今、インバウンド戦略の見直しが必要な理由

コロナ禍を経て、訪日外国人観光客(インバウンド)の意識とニーズは大きく変わりました。以前の「モノ(買い物)」中心の消費から、「コト(体験)」へと移行しましたが、この体験型消費もすでに多くの場所で提供され、差別化が難しくなっています。

さらに、環境や地域社会に配慮した「持続可能な観光」への意識も世界的に高まっています。

この激変する市場で勝ち抜くためには、データを活用して本当に求められている新しい価値を探求し、地域住民と協力し合う戦略へと、インバウンド戦略を根本から見直す必要があります。ここからは、なぜ今、戦略見直しが不可欠なのかを解説します。

1. コロナ禍による旅行意識の大きな変化

新型コロナウイルスの流行は、旅行者の価値観を一変させました。

  • 団体旅行からの脱却
    大人数でのパッケージツアーよりも、安全で個別化された旅行を求める傾向が強まりました。

  • 地域との深いつながり
    有名観光地を巡るだけでなく、その地域の暮らしや文化に深く触れる体験へのニーズが高まっています。

  • 「コト消費」の深化
    従来の「モノ消費」中心の戦略から、体験や交流を重視する「コト消費」への移行が加速しました。 しかし、今はその「コト消費」からさらに一歩進んだ、次のトレンドに対応することが求められています。

パンデミックを経て、日本の地方が持つ豊かな自然、伝統文化、そして人々の温かさといった新たな魅力が国内外で再認識されています。

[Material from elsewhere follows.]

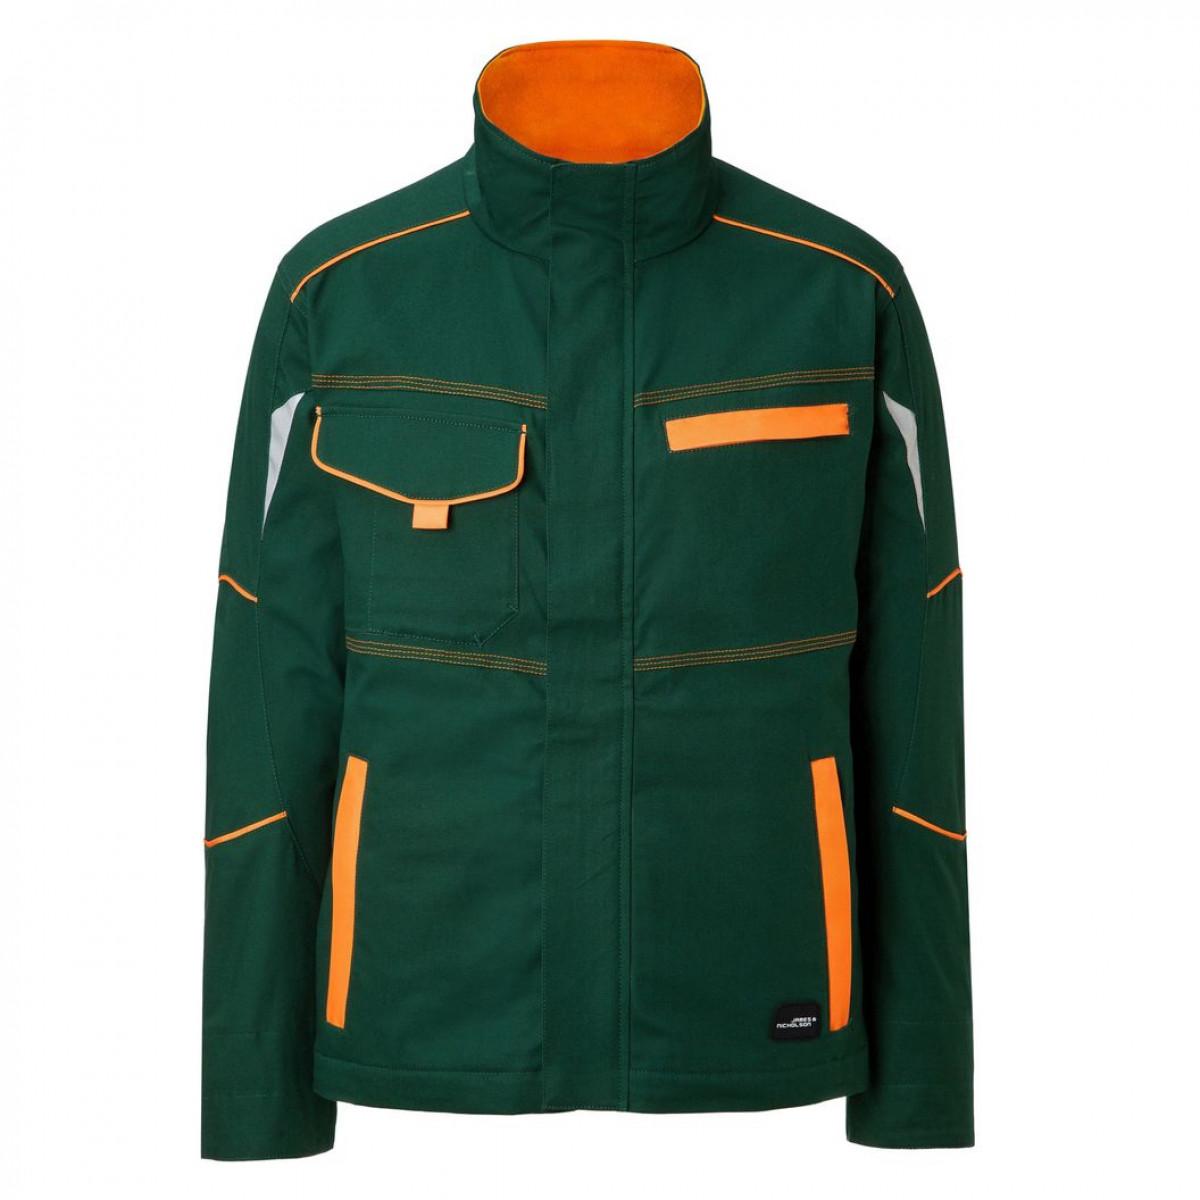 Куртка мужская JN849 Workwear Jacket - Темно-зеленый/Оранжевый

オーバーツーリズムが深刻化する都市部への集中を避けるためにも、地方への誘客を促し、持続可能な観光モデルを構築することが急務です。

2. 「コト消費」の一般化と新たな価値の追求

これまでインバウンド戦略の鍵とされてきた「コト消費」(体験型コンテンツ)は、全国の観光地で提供が始まり、一般化しています。その結果、体験内容の差別化が難しくなり、旅行者から飽きられ始めている可能性が指摘されています。単に「体験ができる」というだけでは、もはや訪日外国人観光客を惹きつけることはできません。

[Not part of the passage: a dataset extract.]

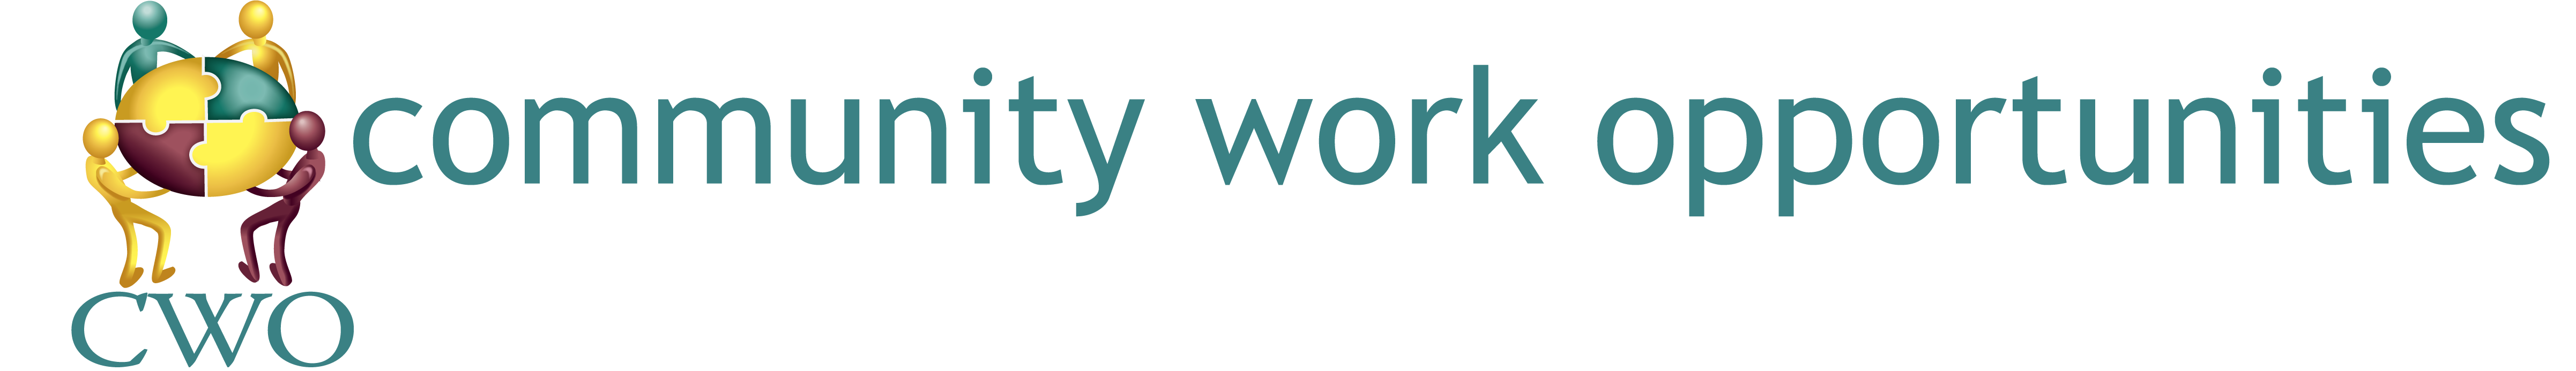 Community Work Opportunities

これからの戦略では、単に「体験」を提供するだけでなく、その体験を通して旅行者が得られる「意義」「感動」「地元住民とのつながり」といった、より深い精神的な価値を追求する必要があります。

具体的には、地域住民との交流を深める機会、文化の背景にある歴史や物語を理解できるプログラム、あるいは旅行が地域社会に与える良い影響などを設計し、旅行者の心を豊かにするような、一歩進んだ「消費」の形を提供していく必要があります。

3. 持続可能な観光への意識の高まり

世界的に環境問題や地域社会への配慮が重視されるようになり、観光においても「持続可能性(サステナビリティ)」が最重要テーマとなっています。観光客が集中しすぎることで起こる環境破壊や、地域住民の生活への悪影響(オーバーツーリズム)は、観光地自体の魅力を損ない、将来の観光産業の発展を妨げかねません。

今後は、地域経済への貢献、伝統文化の尊重、環境保全といった側面を考慮に入れたインバウンド戦略が不可欠です。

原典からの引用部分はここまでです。